Browse the label distribution, enrolling all labels in the dataset, so in case an image has two labels both are used in this stat...

In [None]:
import itertools
import seaborn as sns

labels_all = list(itertools.chain(*[lbs.split(" ") for lbs in train_data['labels']]))
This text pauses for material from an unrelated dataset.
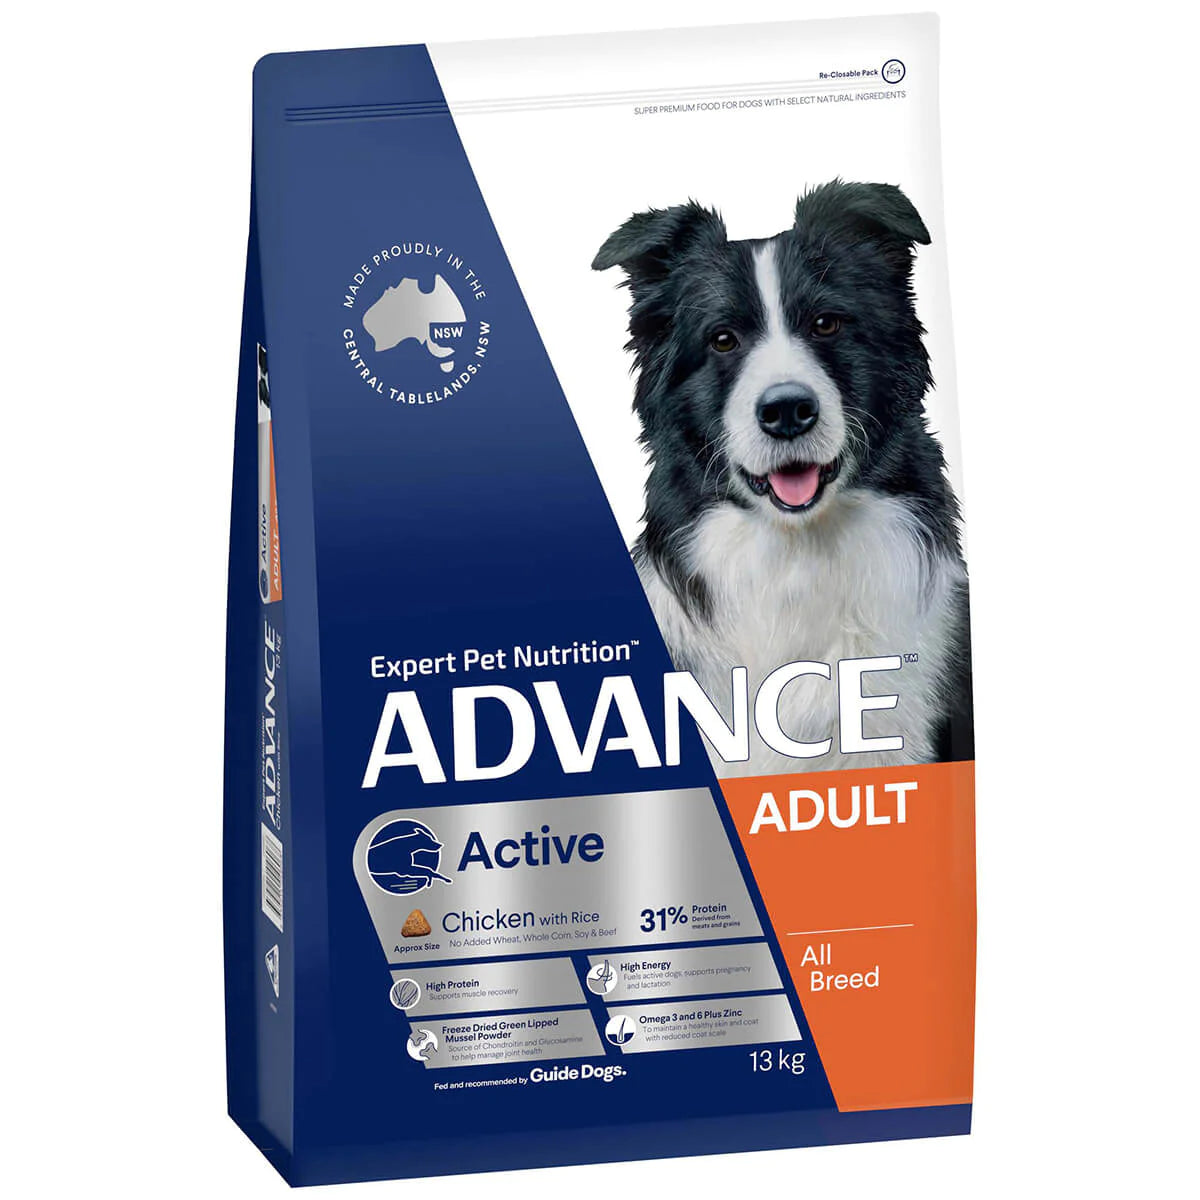 ADVANCE Active Adult Chicken with Rice Dry Dog Food - 13kg

ax = sns.countplot(y=sorted(labels_all), orient='v')
ax.grid()

And add visualisation over each case, so five a few examples per labe combination...

In [None]:
import matplotlib.pyplot as plt

train_data['labels_sorted'] = [" ".join(sorted(lbs.split(" "))) for lbs in train_data['labels']]

nb_samples = 6
n, m = len(np.unique(train_data['labels_sorted'])), nb_samples,
fig, axarr = plt.subplots(nrows=n, ncols=m, figsize=(m * 2, n * 2))
for ilb, (lb, df_) in enumerate(train_data.groupby('labels_sorted')):
    img_names = list(df_['image'])
    for i in range(m):
        img_name = img_names[i]
        img = plt.imread(os.path.join(base_path, f"train_images/{img_name}"))
        axarr[ilb, i].imshow(img)
        if i == 1:
            axarr[ilb, i].set_title(f"{lb} #{len(df_)}")
        axarr[ilb, i].set_xticks([])
        axarr[ilb, i].set_yticks([])
plt.axis('off')